Reviewing files that changed from the base of the PR and between f9751b5 and ec1ffee.

📒 Files selected for processing (6)
  • pkg/transport/nclprotocol/compute/manager.go (5 hunks)
  • pkg/transport/nclprotocol/dispatcher/dispatcher.go (3 hunks)
  • pkg/transport/nclprotocol/dispatcher/dispatcher_e2e_test.go (1 hunks)
  • pkg/transport/nclprotocol/dispatcher/dispatcher_test.go (1 hunks)
  • pkg/transport/nclprotocol/dispatcher/recovery.go (6 hunks)
  • pkg/transport/nclprotocol/dispatcher/recovery_test.go (2 hunks)
🔇 Additional comments (12)
pkg/transport/nclprotocol/dispatcher/dispatcher_e2e_test.go (1)

257-293: LGTM! Well-structured test for state reset functionality.

The test effectively validates the dispatcher's state reset behavior by:

  1. Processing an initial batch of events
  2. Stopping the dispatcher (which triggers checkpoint)
  3. Clearing received messages
  4. Starting a new dispatcher instance
  5. Verifying that only new events are processed while maintaining the checkpoint
pkg/transport/nclprotocol/compute/manager.go (4)

148-148: LGTM! Improved error propagation.

The Close method now properly propagates errors from the cleanup process.


Line range hint 158-190: LGTM! Enhanced error handling in cleanup.

The cleanup method now:

  1. Returns aggregated errors using errors.Join
  2. Provides detailed error context for each component
  3. Maintains proper cleanup order: subscriber → data plane → control plane → NATS connection

208-218: LGTM! Improved connection management.

Good improvements to the connect method:

  1. Cleanup of existing components before reconnecting
  2. Proper error handling in the defer function
  3. Logging of cleanup errors after connection failures

Line range hint 158-218: Effective fix for race conditions.

The changes effectively prevent multiple data planes by:

  1. Ensuring complete cleanup before reconnection attempts
  2. Sequential component cleanup (subscriber → data plane → control plane → NATS)
  3. Proper error handling and propagation
  4. Improved state management during transitions

This systematic approach prevents race conditions that could lead to multiple data plane instances.

pkg/transport/nclprotocol/dispatcher/recovery_test.go (3)

143-151: Verify the recovery sequence in TestRecoveryLoopWithRunningWatcher.

In the TestRecoveryLoopWithRunningWatcher method, confirm that the mocked expectations accurately represent the scenario where the watcher is already running.

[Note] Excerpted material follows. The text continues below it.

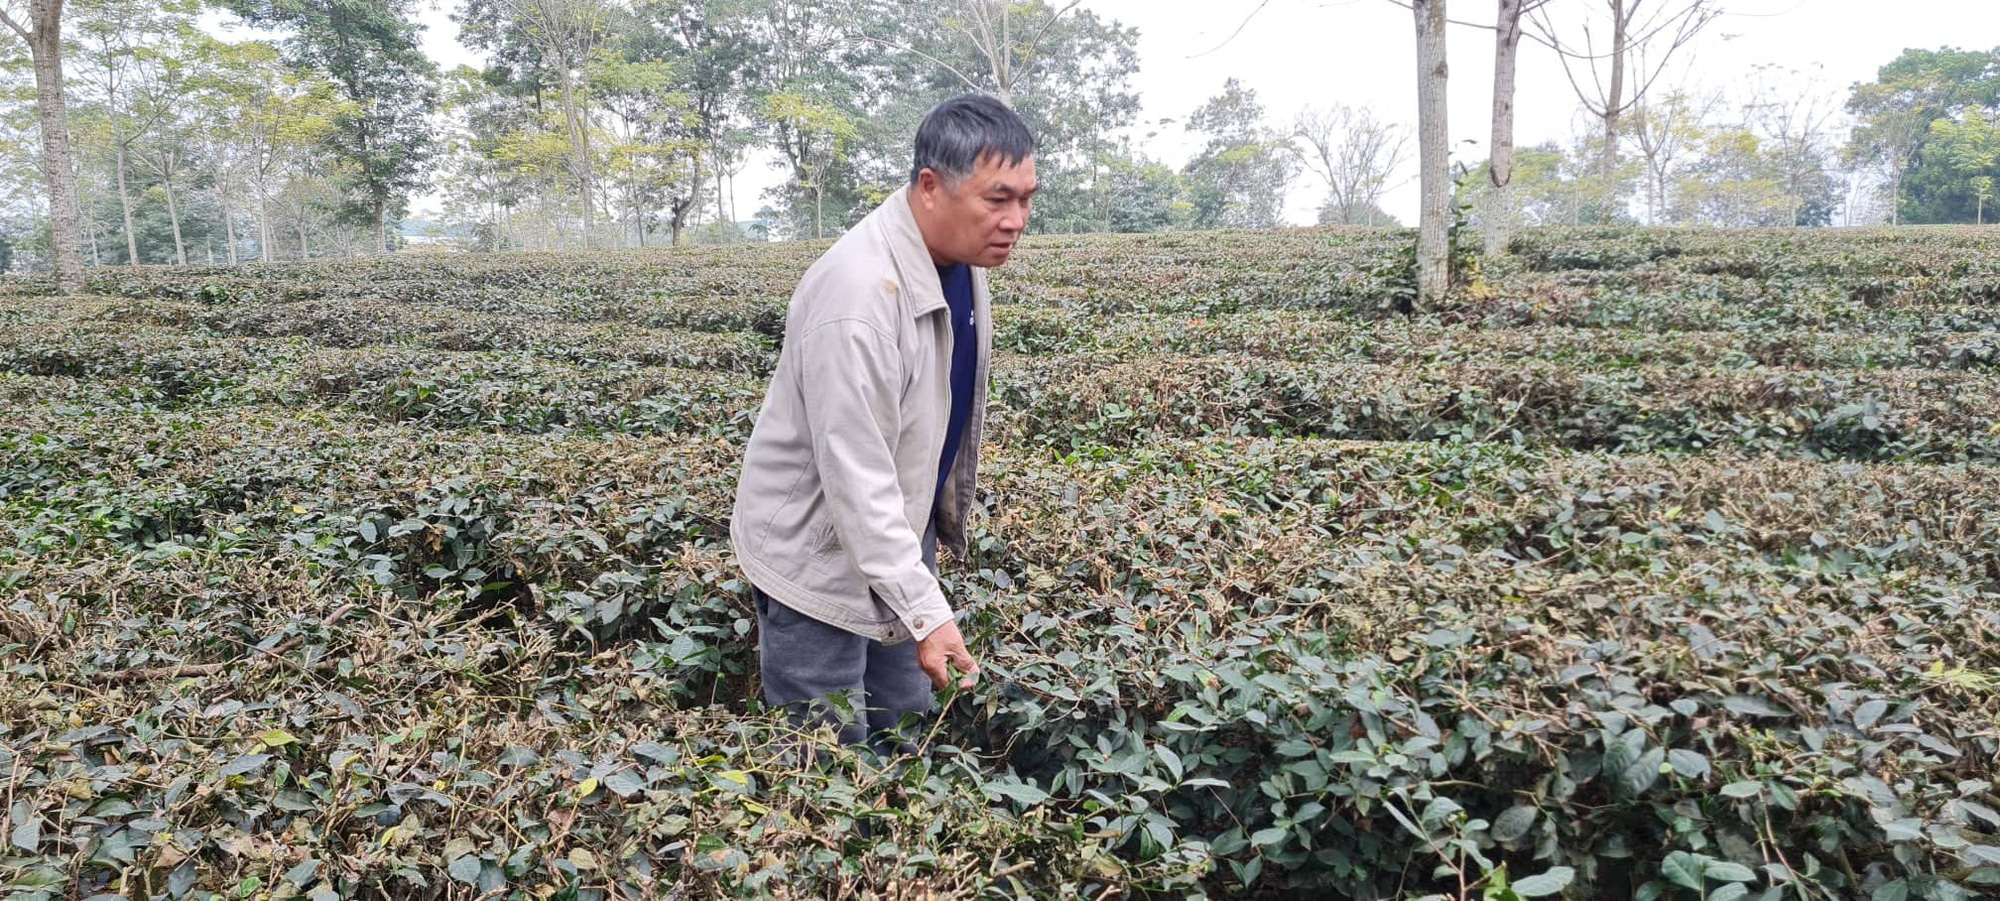 Tuyên Quang: Người trồng chè mất ăn mất ngủ vì bị hủy hợp đồng giao khoán  - Ảnh 1.

Ensure that the Stats() method returns the watcher.StateRunning state as intended, and check that the recovery logic handles this state correctly.

Also applies to: 153-159


170-199: Handle context cancellation correctly in TestRecoveryLoopWithContextCancellation.

In the TestRecoveryLoopWithContextCancellation method, verify that cancelling the context leads to the expected termination of the recovery loop. Ensure that all resources are properly released and that there are no goroutine leaks upon context cancellation.

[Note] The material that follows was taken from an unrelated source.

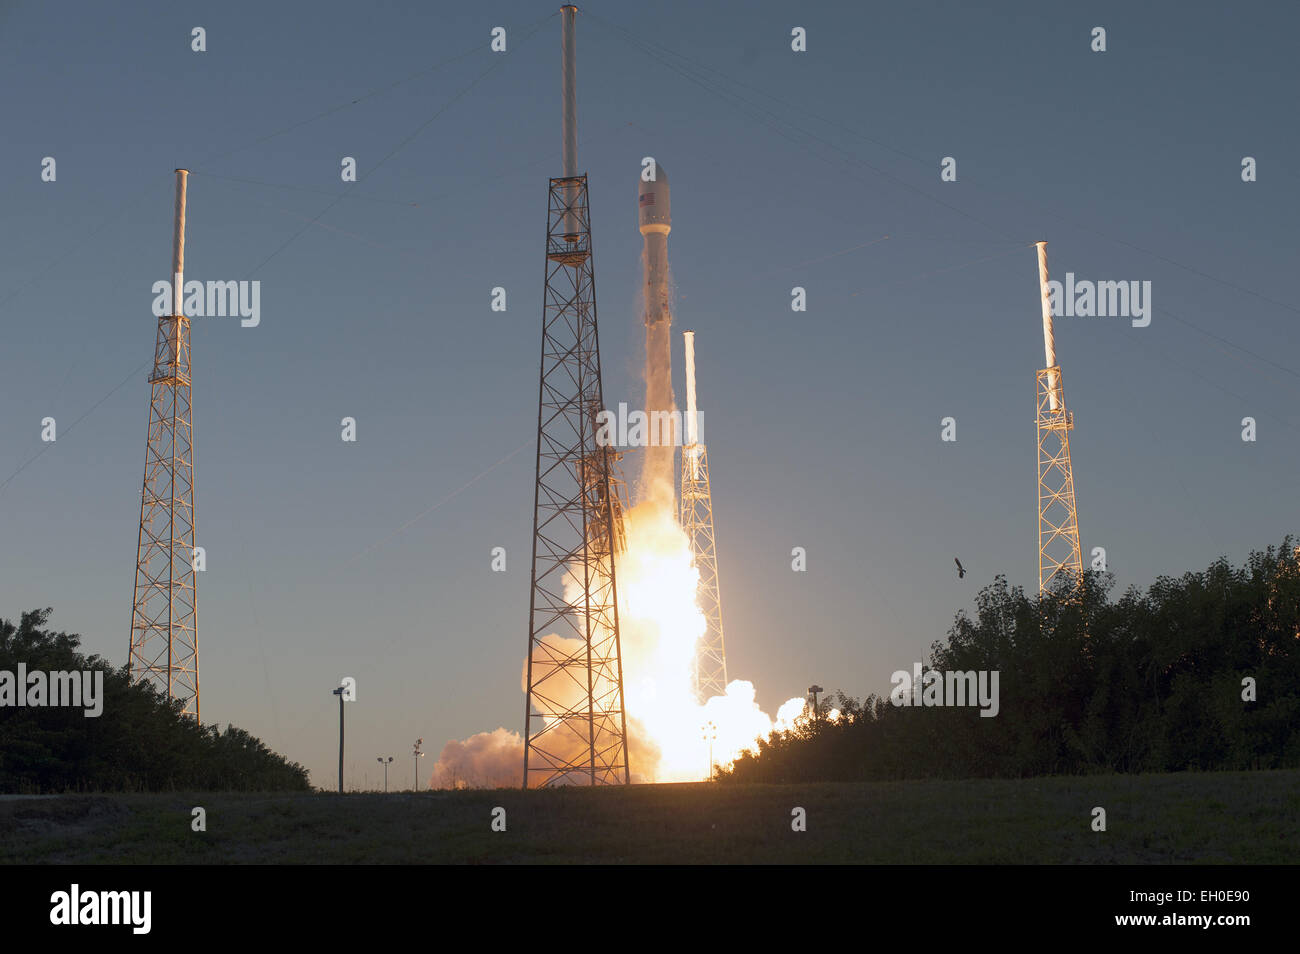 El cohete SpaceX Falcon 9 llevando el NOAA's Espacio Profundo Observatorio del clima espacial, o DSCOVR, despega desde el complejo de lanzamiento espacial 40 de la estación de la Fuerza Aérea de Cabo Cañaveral en Florida a las 6:03 p.m. EST. DSCOVR es una colaboración entre la NOAA, la NASA y la Fuerza Aérea de los Estados Unidos, y mantendrá la nación del viento solar en tiempo real las capacidades de supervisión Foto de stock

220-262: Validate new tests for stopping recovery mechanisms.

The new tests TestStopDuringRecovery, TestStopAfterRecoveryComplete, TestMultipleStopCalls, and TestStopAndReset effectively verify the stopping behavior of the recovery process. Ensure that:

  • The stop method correctly interrupts the recovery loop.
  • Multiple calls to stop are idempotent and do not cause unintended side effects.
  • The recovery state is properly reset after stopping, allowing for subsequent recovery operations.
pkg/transport/nclprotocol/dispatcher/dispatcher_test.go (1)

175-196: Confirm state reset behavior upon restart in TestStartResetsState.

In the TestStartResetsState method, verify that the dispatcher correctly resets its internal state when started after a stop. Ensure that:

  • All internal counters and flags are reinitialized.
  • The watcher starts without residual state from the previous run.
  • No errors occur during the restart process.
pkg/transport/nclprotocol/dispatcher/dispatcher.go (3)

95-99: Initialize dispatcher state before starting.

In the Start method, the addition of:

// Reset state before starting
d.state.reset()
d.recovery.reset()

ensures that the dispatcher and recovery state are properly initialized before processing begins. This is essential to prevent residual state from previous runs affecting the current operation.


129-131: Validate recovery stop during dispatcher shutdown.

In the Stop method, the call to d.recovery.stop() should ensure that the recovery process is gracefully terminated before proceeding with the shutdown sequence. Confirm that this call effectively stops any ongoing recovery activities and that there are no goroutine leaks.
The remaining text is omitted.